The surprising bowl performance can't change the fact that there are some inherent financial deficiencies within the conference that make it difficult for some athletic programs like Florida State to remain viable in the long term.
Last summer there were rumors coming from fan blogs and Twitter that had Florida State bolting for another conference. At the time, those rumors had very little, if any, substance.
Rumors again surfaced after Florida State voted against an increased conference exit fee and ACC charter member Maryland accepted an invitation to join the Big 10. Within the past couple months nearly every school in the ACC has been rumored to have one foot out the conference door.
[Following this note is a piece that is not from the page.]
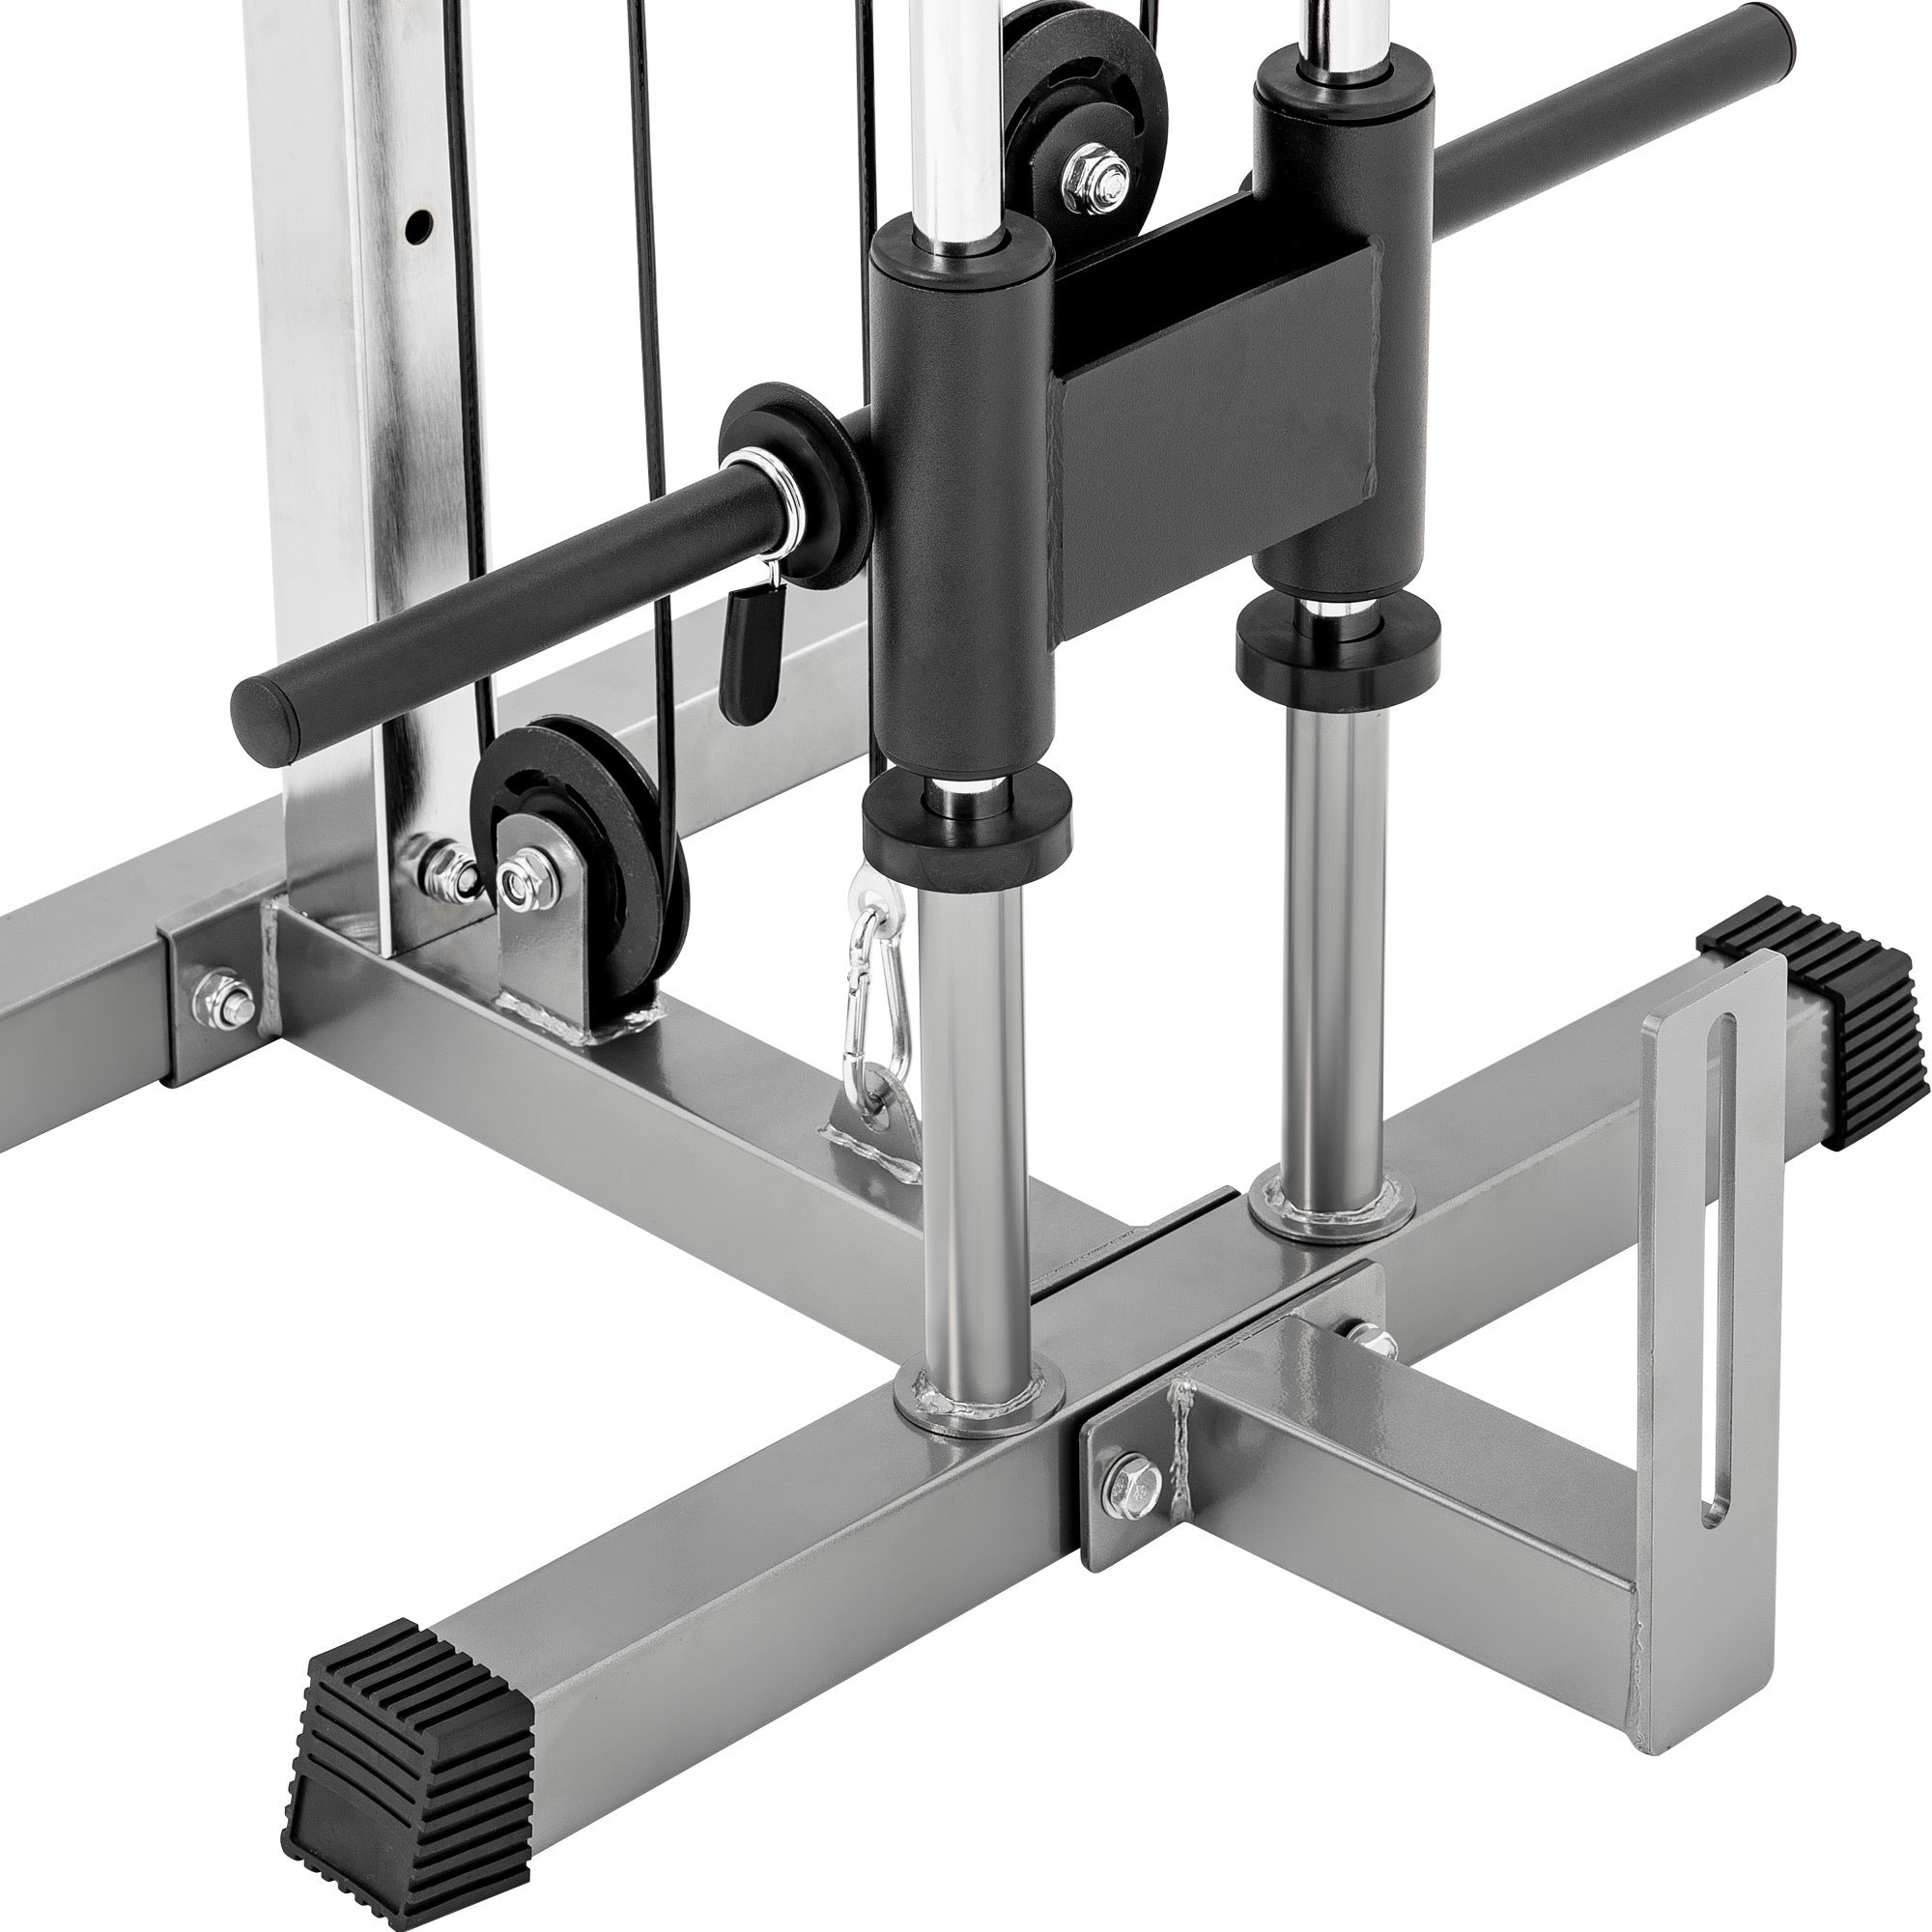 Lat Pulldown Machine Home Gym Fitness

These rumors were strong enough to motivate the conference presidents to issue a joint press release expressing their commitment to the ACC.
Many Seminole fans are ready to write the ACC off and would gladly pack FSU's bags if one of the major conferences extends an invitation. While a change in conferences may ultimately happen, FSU sticking to the ACC isn't totally out of the question just yet. But for that to happen some fundamental changes will need to take place inside the conference to entice the Seminoles, and others, to stay put.
While there are a variety of shortcomings associated with FSU's continued membership in the ACC, ultimately it will come down to money.
It's been well documented that the annual television revenue share for each school within the ACC is significantly less than it is for schools in the other four major conferences. The financial difference is often a point of debate since apples are often being compared to oranges but there's no debate that ACC schools make several million dollars less annually than schools in the Big 10, SEC, Pac-12 and Big 12.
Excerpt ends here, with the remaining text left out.